As it was, she couldn’t see much sign of anything. There was a guy way off in the distance, looked like he was mopping up, so it might just have been that the stores in there were all closed for the evening, but the light in there was all flat and dead, and it looked to Alys like there hadn’t been anyone shopping in there for a while.
It’s the funny thing about those doors. I guess it’s like, you know when you used to play a game, and all the hype about it said you’d be able to go anywhere, and do anything in the game world, but then you get in there, and you can go into some buildings, but others, the doors are just, like, painted on? Like the guys who did the game thought they wanted you to be able to do what you wanted, but then they realised that if they did that, then you’d never get all the things that the game needed you to do done?
But they still wanted you to feel like you had all that freedom, so they stuck those fake doors on, so that you would?
Maybe that’s why no-one ever got curious about the doors before – because knowing they were there was enough.
Anyway, so Alys couldn’t open the door, and then that cleaning guy went away, and she thought about how it was getting dark, and she should be getting home.
But then, there was that thing, that I don’t know if you remember about her. That spark?
Like, she didn’t make a lot of noise, but she still always went her own way… she just did it quiet, without a lot of fuss?
Like, you wouldn’t notice her on a full dance floor, but she was always first on an empty one, and last to stop dancing?
Like, her signal was low, but strong?
So, Alys is looking through that window, about to go, and she notices something coming through the glass right over on the other side. You wouldn’t realise it now, but it was always kind of grey and washed out over here back then. We got the flat, bright morning light, but not much else past noon. So the thing that Alys really noticed, she noticed way over there, through the dusty glass, she sees the light and colour of a sunrise, all purple and shit, hazy and wild, and not like she’d ever noticed before.
And those cogs start turning.

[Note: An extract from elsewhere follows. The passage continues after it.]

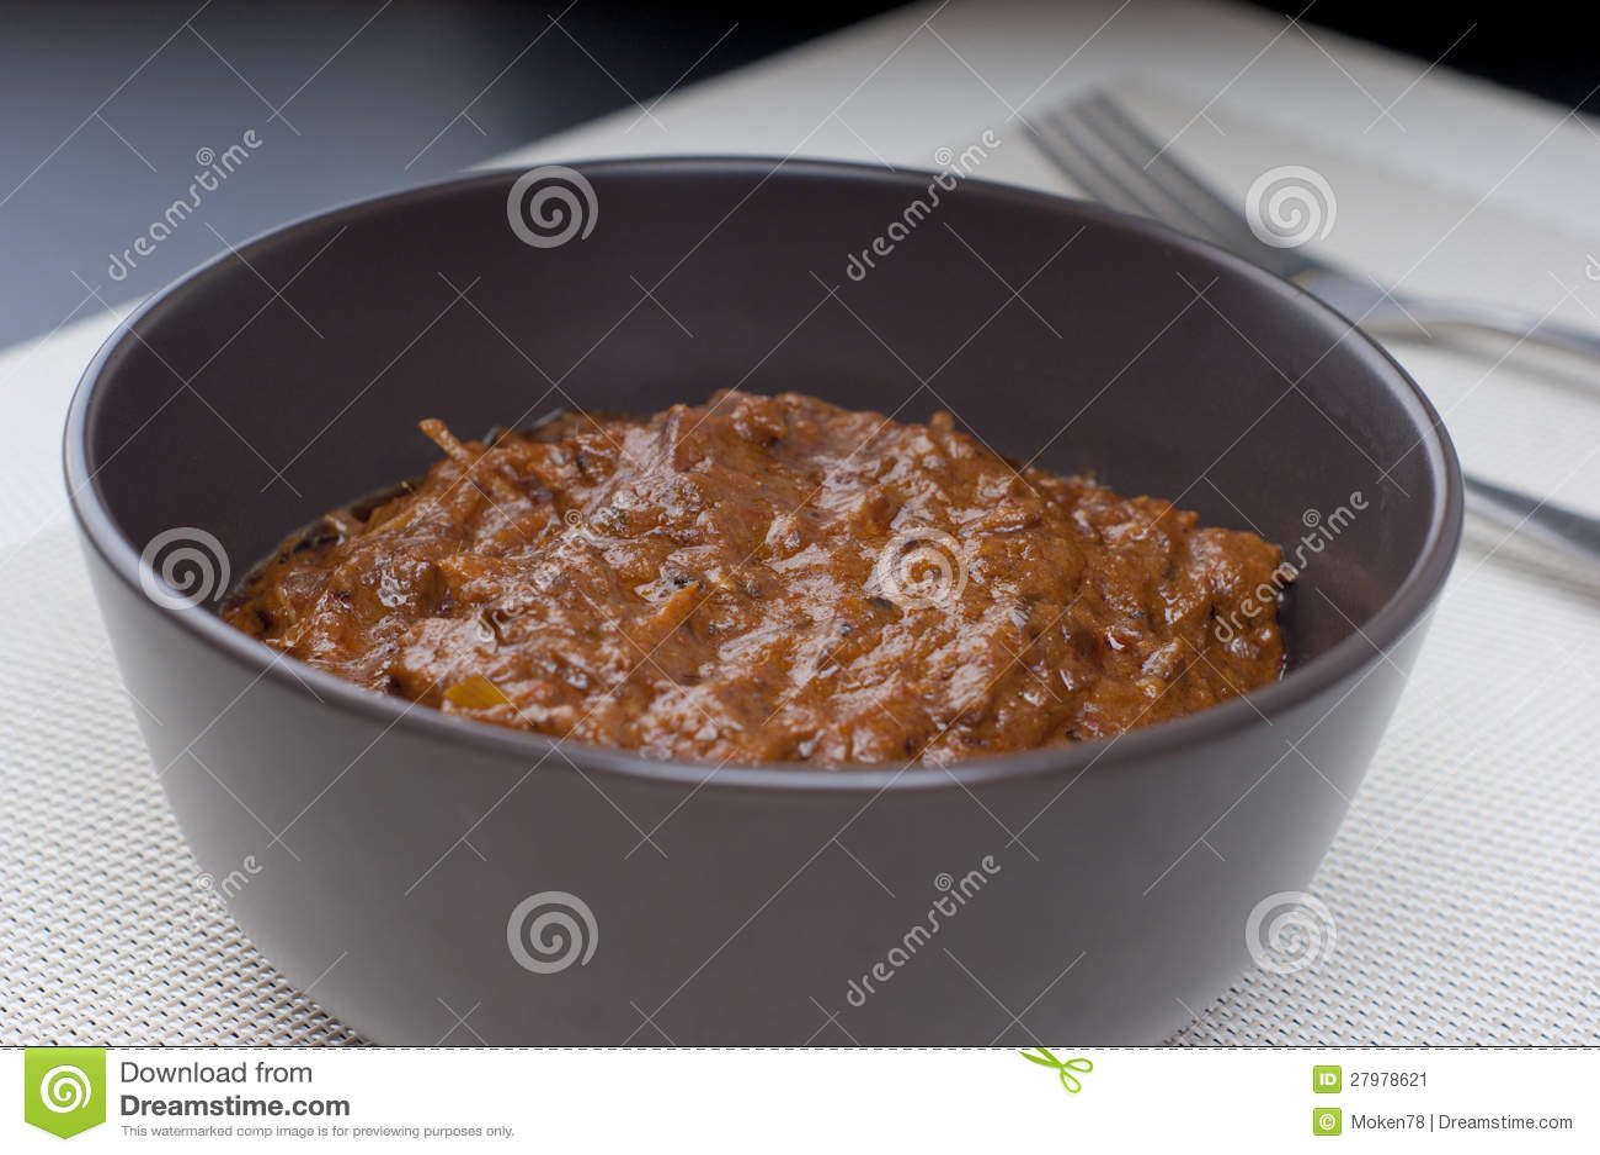 Fresh Hot Spicy Beef Rendang Stock Image - Image: 27978621

Because yeah, the thing I was trying to explain about Alys? She’s an animator…
No, I don’t mean with cartoons and shit. I mean, she makes things happen, where things weren’t happening before. Makes things move. Gets things started.
So being like she is, with it never occurring to her not to, she looked around, down there in rape/murder central, and she found herself something big and heavy, maybe a brick, maybe a trashcan, I don’t know, and like it’s really important!
Whatever it was, it worked – she hefted it at her reflection in that door, and the orders stuck behind it, and it smashed that fucker into a million pieces.
Safety glass, I don’t know if you know it – it kind of just disintegrates into these little, sugary cubes, and Alys poked her head through the hole she made, looked at all the little posters on the floor, now covered in the stuff. Looked around, sniffed the dry air, and turned her head to look at the colours over there.
But then she figured it was pretty late, and she was hungry, and cold, and she left for home.
Less than an hour later, some people that lived over nearer the door that she caved in spotted what she’d done, and came to explore. And what happened next led to where we are now.
Because that’s what Alys does, she gets things started. And then the rest of us, we carry it on.